[Start of Attachment]

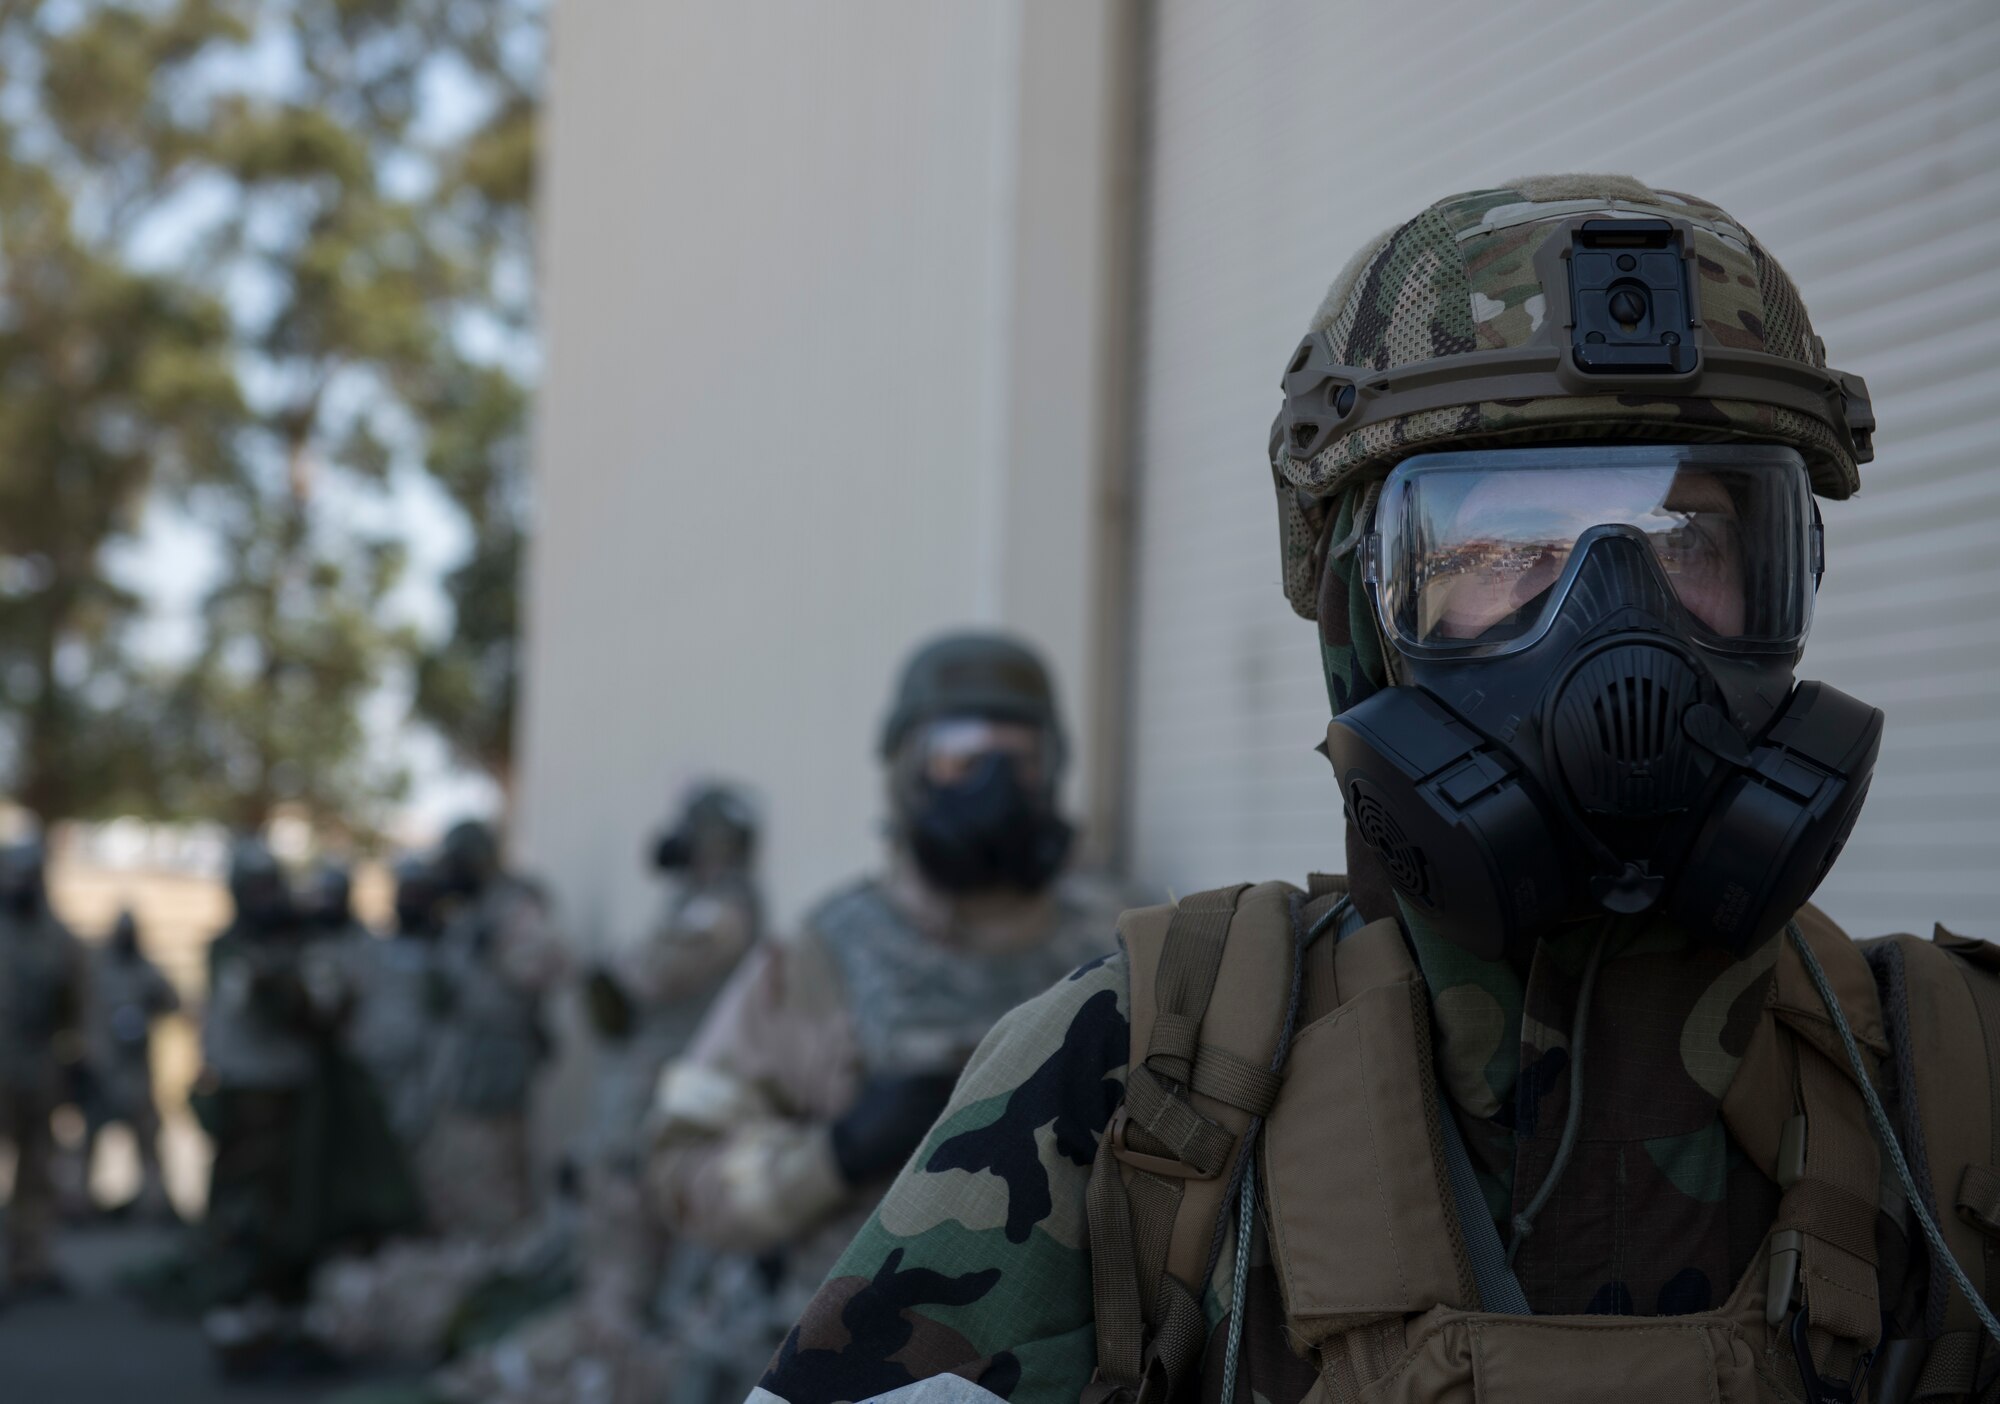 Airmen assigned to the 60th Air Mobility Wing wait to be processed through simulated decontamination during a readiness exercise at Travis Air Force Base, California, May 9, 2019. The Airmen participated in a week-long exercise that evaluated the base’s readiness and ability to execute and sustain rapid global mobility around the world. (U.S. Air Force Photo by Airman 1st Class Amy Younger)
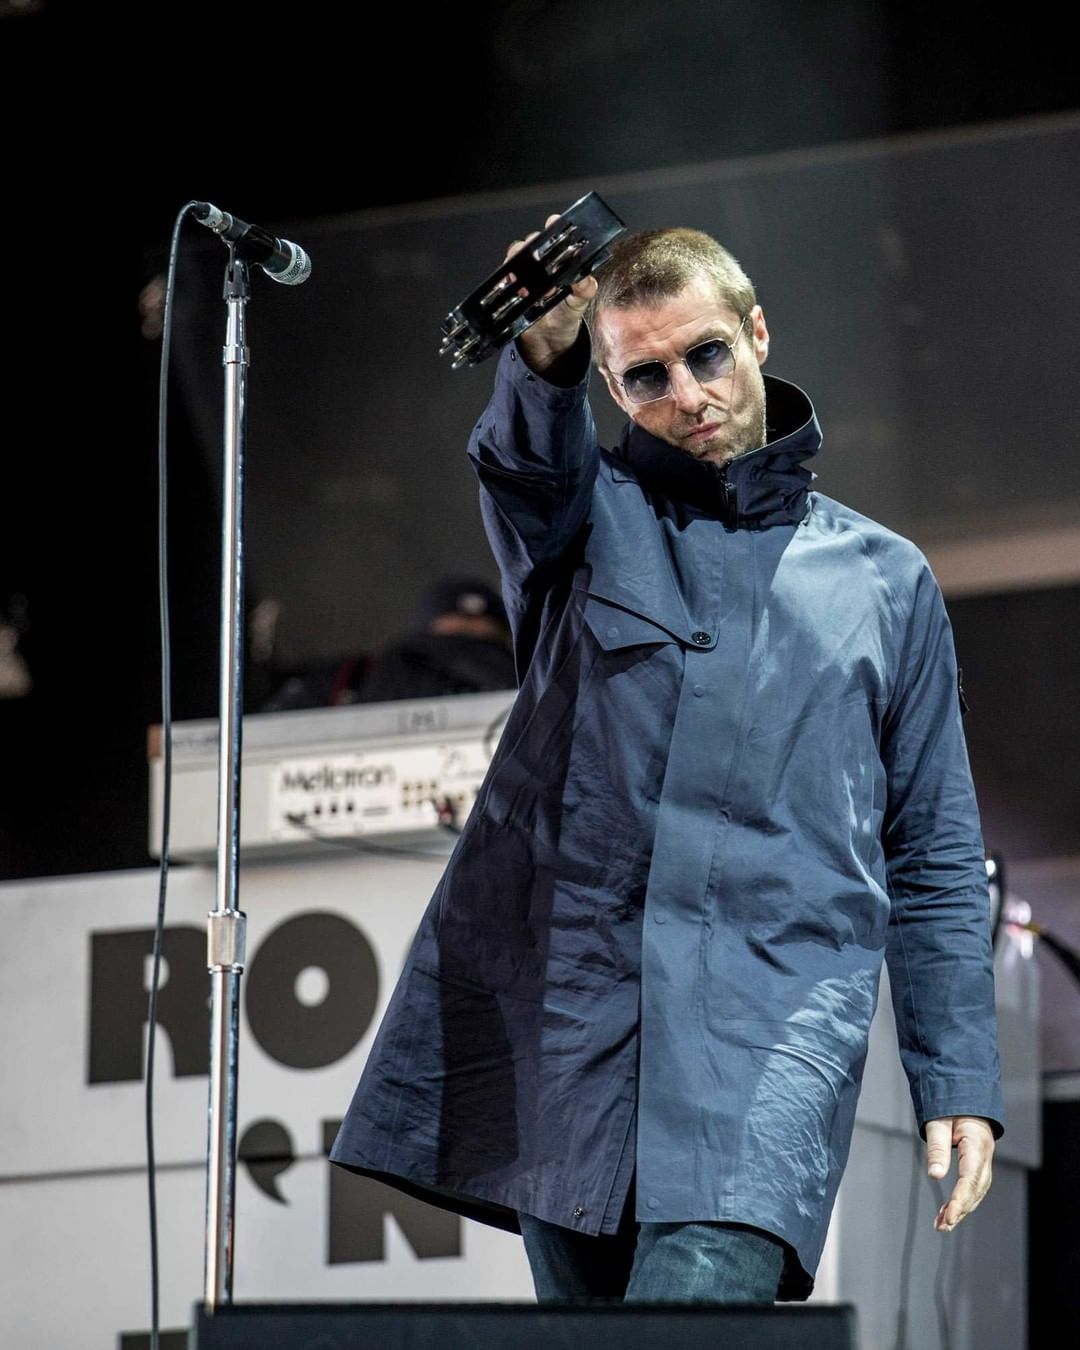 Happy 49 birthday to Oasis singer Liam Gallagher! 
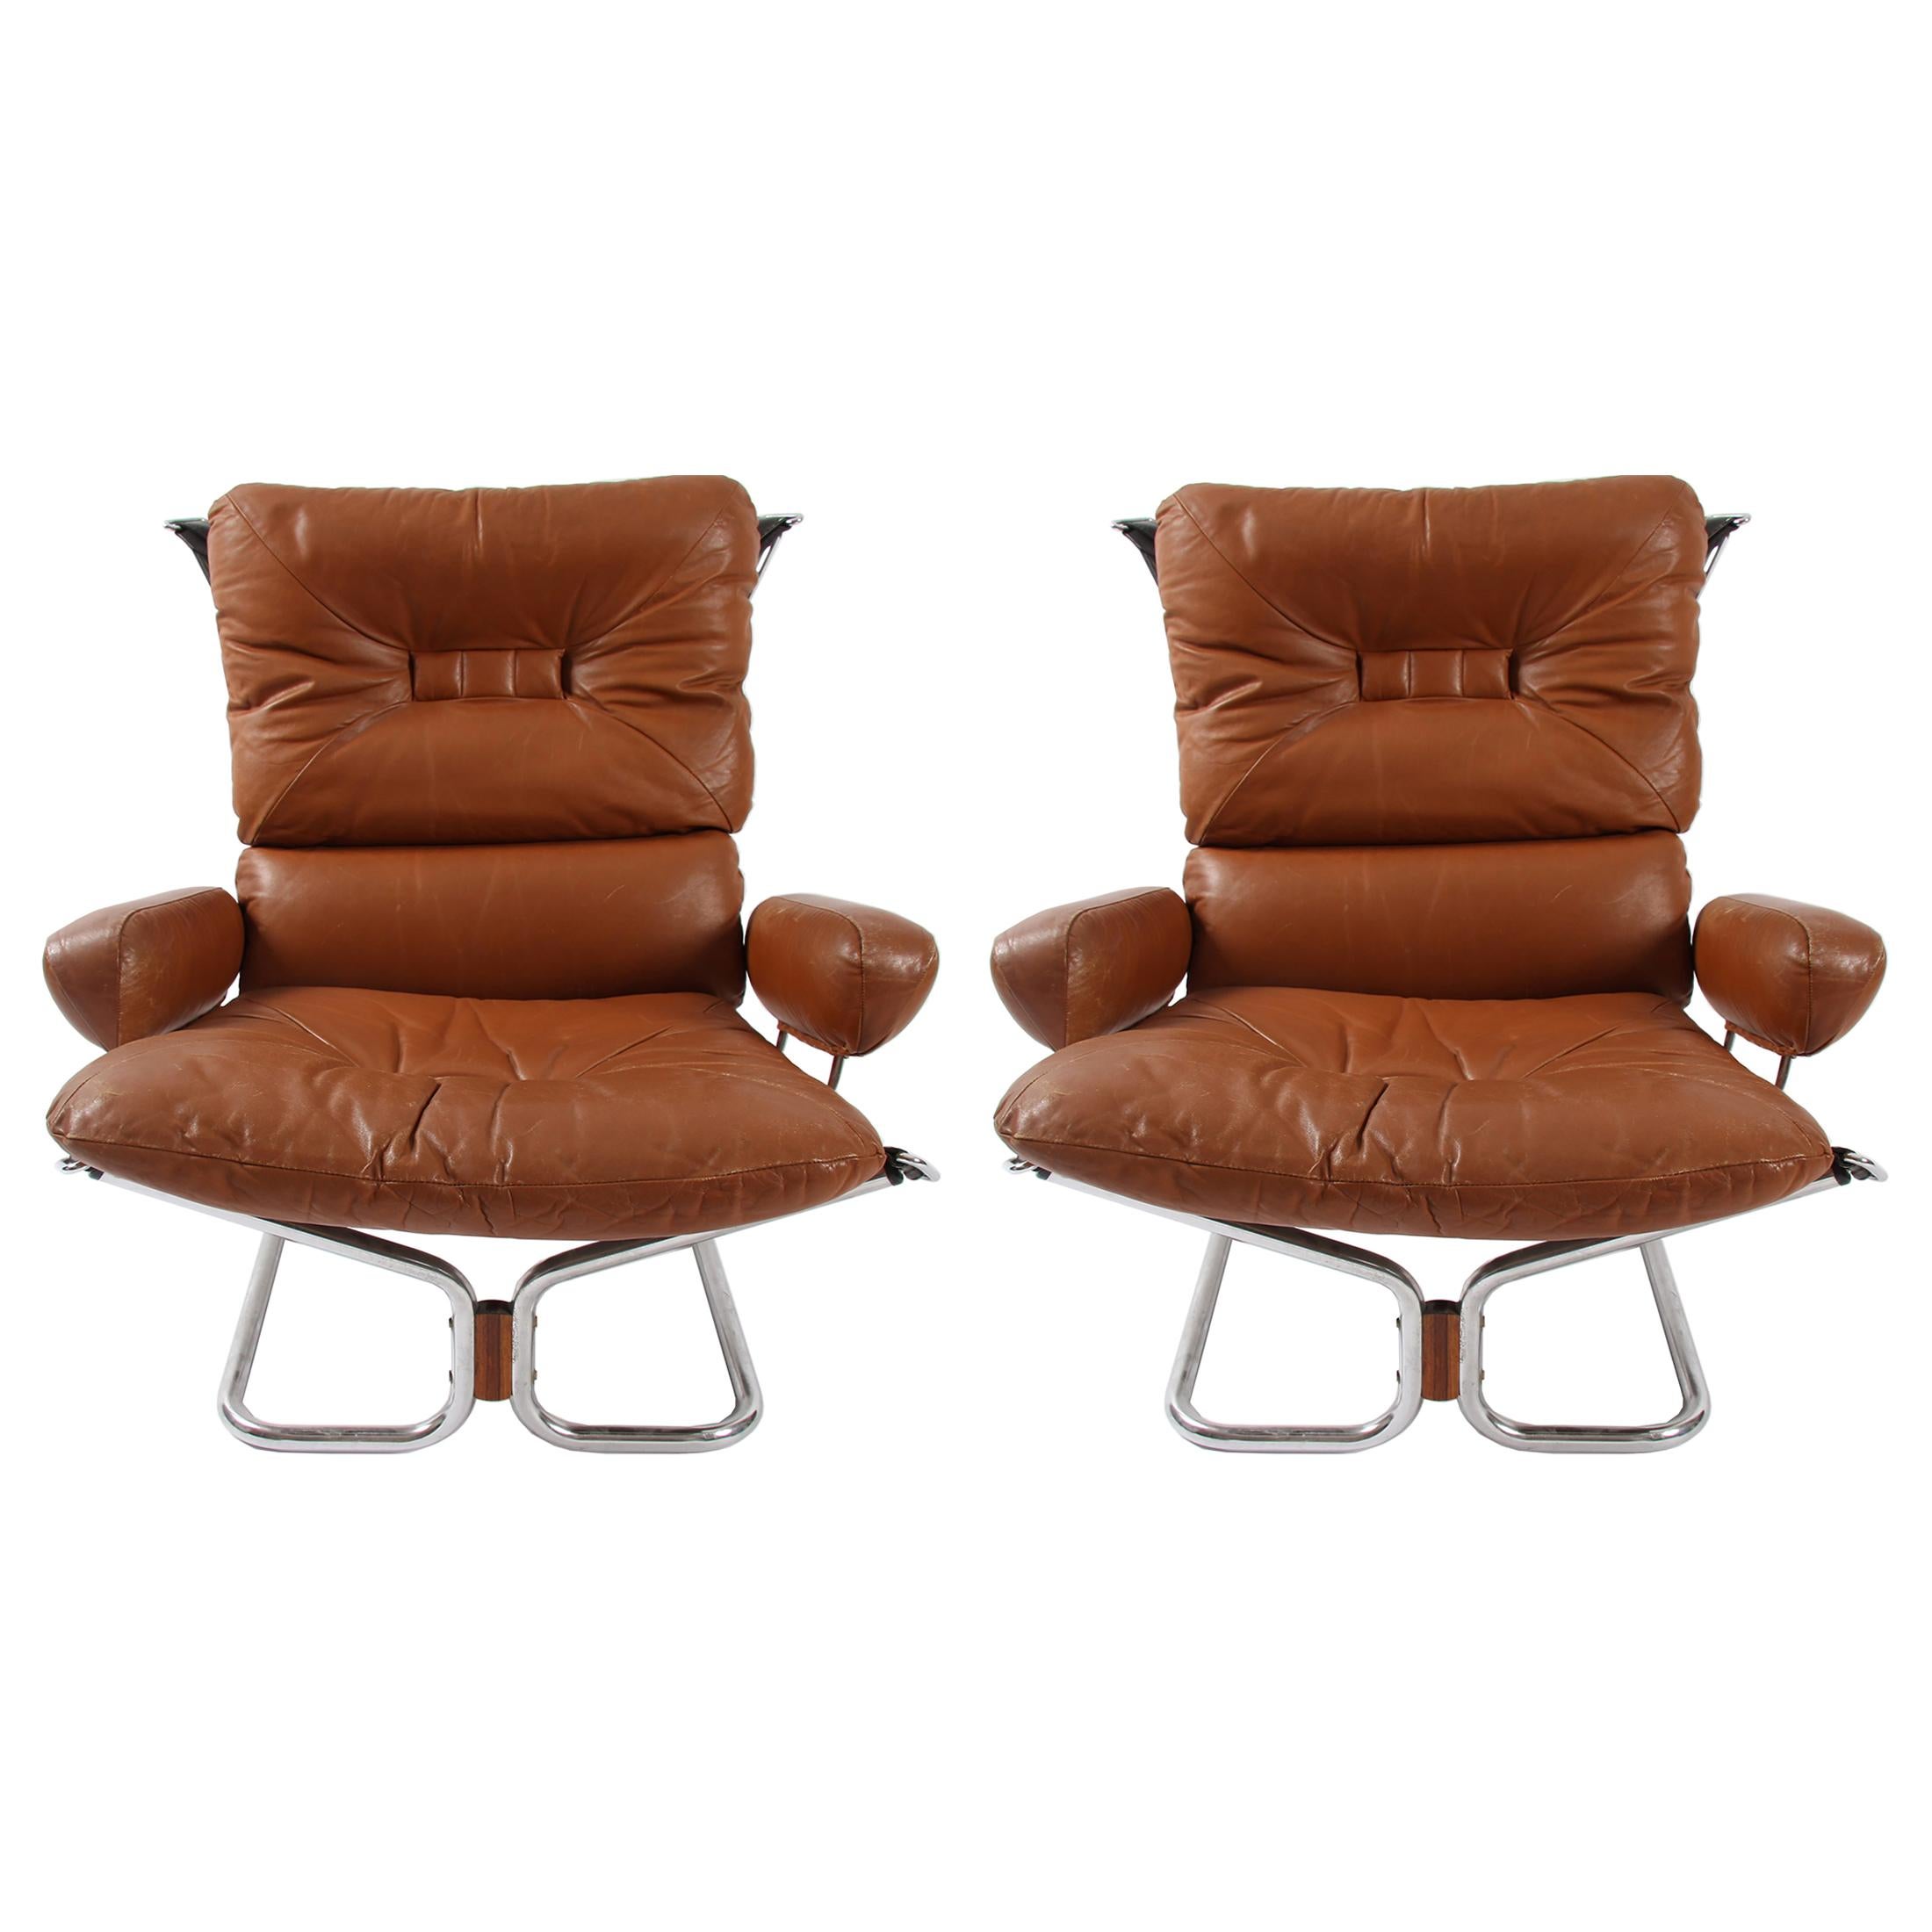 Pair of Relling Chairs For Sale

[End of Attachment]

== Task to carry out ==
Reproduce the listing word for word. Do not carry over the pictures.

== Problem solution ==
 Airmen assigned to the 60th Air Mobility Wing wait to be processed through simulated decontamination during a readiness exercise at Travis Air Force Base, California, May 9, 2019. The Airmen participated in a week-long exercise that evaluated the base’s readiness and ability to execute and sustain rapid global mobility around the world. (U.S. Air Force Photo by Airman 1st Class Amy Younger)
 Happy 49 birthday to Oasis singer Liam Gallagher! 
 Pair of Relling Chairs For Sale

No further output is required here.